Being at home does provide some advantages, such as Maine finally having the final personnel change on faceoffs, so the Black Bears can get the matchups on the ice that they want. But, Gendron said over and over during a Zoom conference call with reporters on Tuesday, all that really matters is that Maine has to play well.

“The fact that we’re playing on a surface we’re accustomed to, and our opponent is not, is an advantage,” said Gendron. “But we have to execute.”

Gendron said the team learned Sunday that they would be playing at home during an off-ice workout at the field house. He wasn’t present, but was told there was a “vocal eruption that suggested ecstasy.”

Last year, Maine was supposed to have its first home playoff series since 2012 but its Hockey East quarterfinal round series against Connecticut was canceled when the pandemic shut down all college sports.

It has been a particularly difficult season for the men’s hockey team. Its season was immediately delayed at the start of the season – its first six games postponed – because of positive COVID-19 test results on campus. Maine’s first games weren’t until Dec. 11 and 12, both at New Hampshire – a 1-1 tie in the opener (Maine winning 3-2 in the shootout) and a 6-2 Wildcats win in the second.

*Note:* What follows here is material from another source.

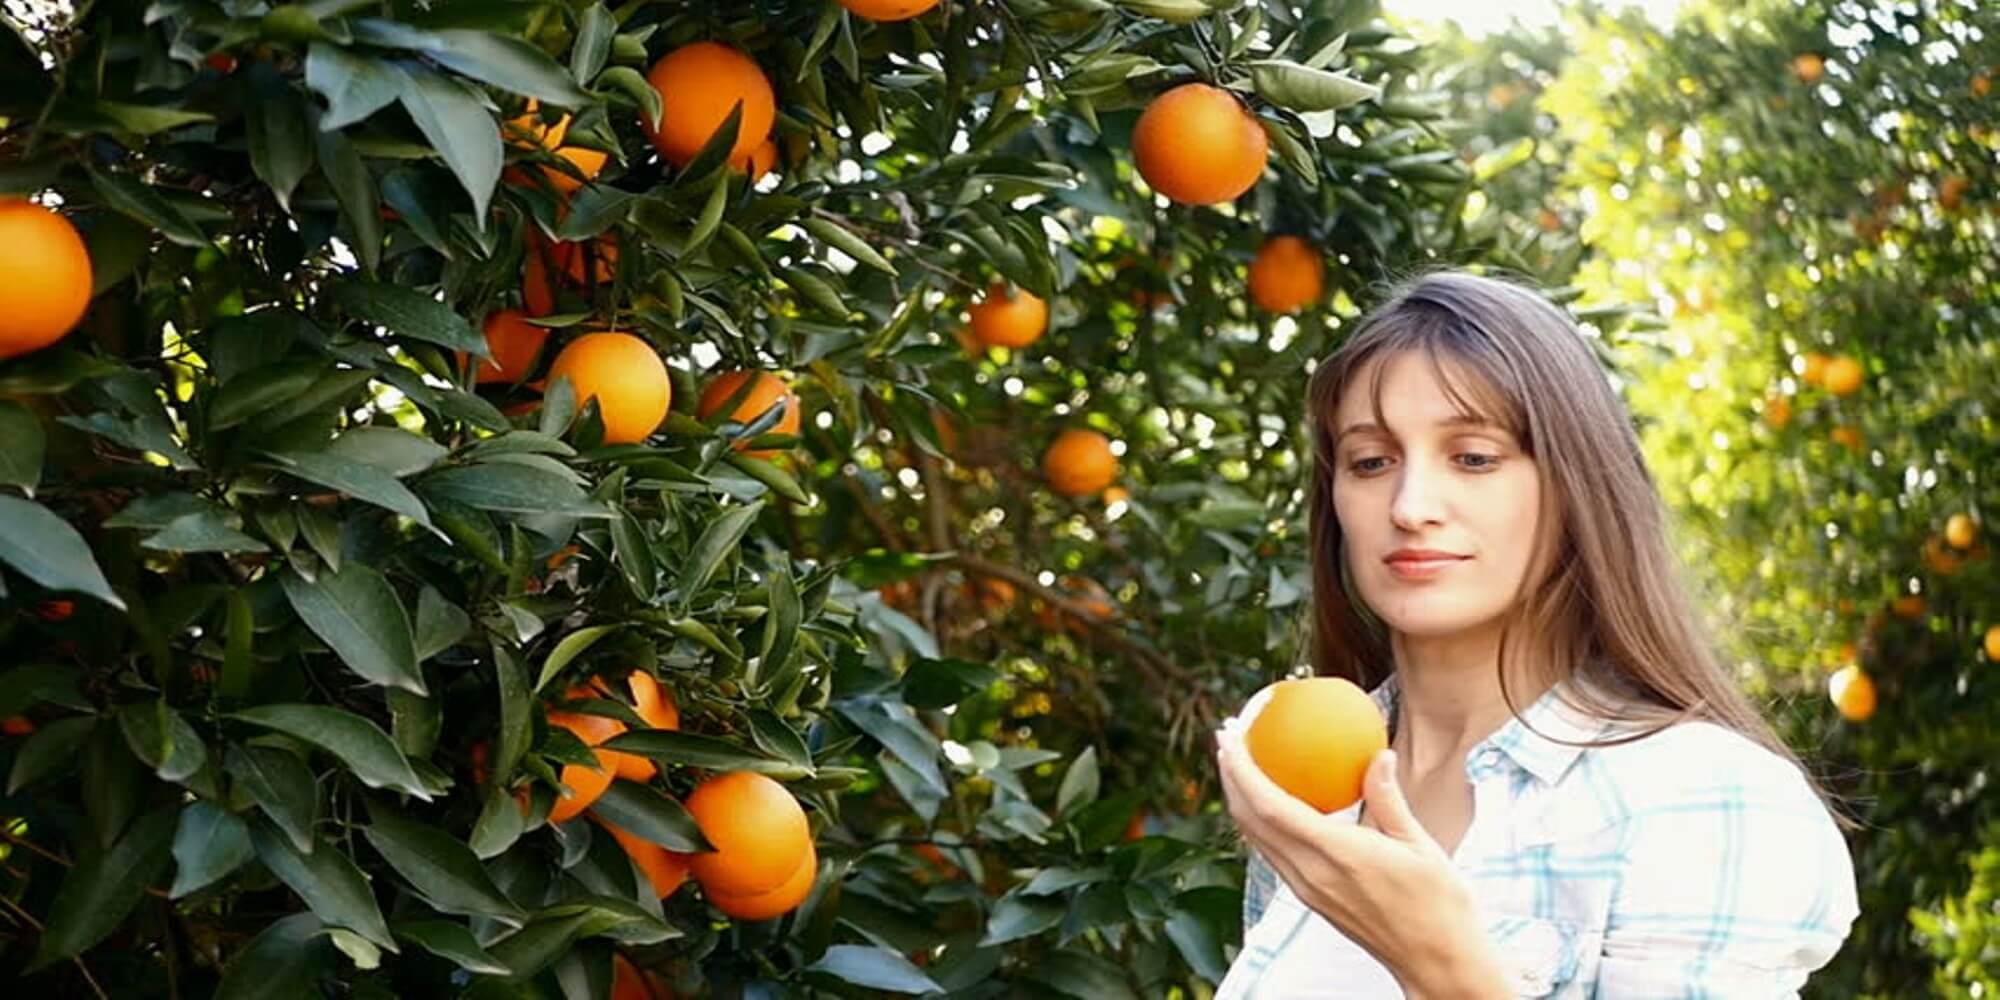 coorg orange image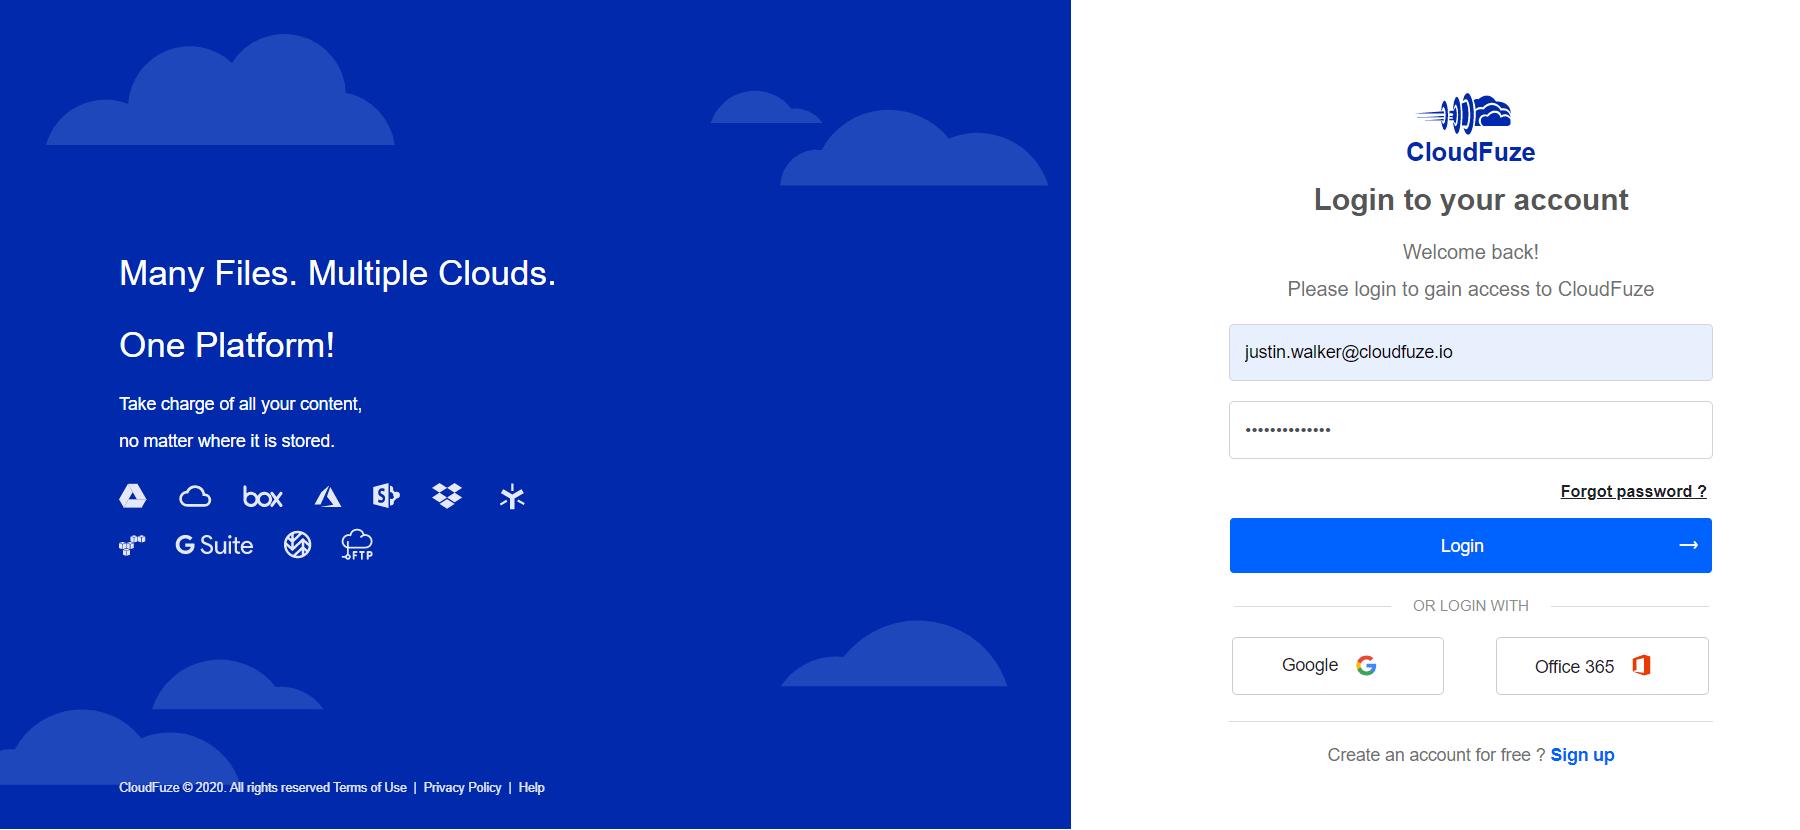 Login Credentials for webapp

Then the team was placed in quarantine on Dec. 17 after positive test in the program and didn’t play again until Jan. 3. Gendron said the stop-and-go pauses were the season’s “biggest struggle.”

But, he said, “We ended up with a 15-game regular season. They might have all been on the road, but our players, who were recruited to play college hockey, got 15 games. There are college hockey players who got none, their schools choosing not to have seasons. So we have an awful lot to be grateful for.”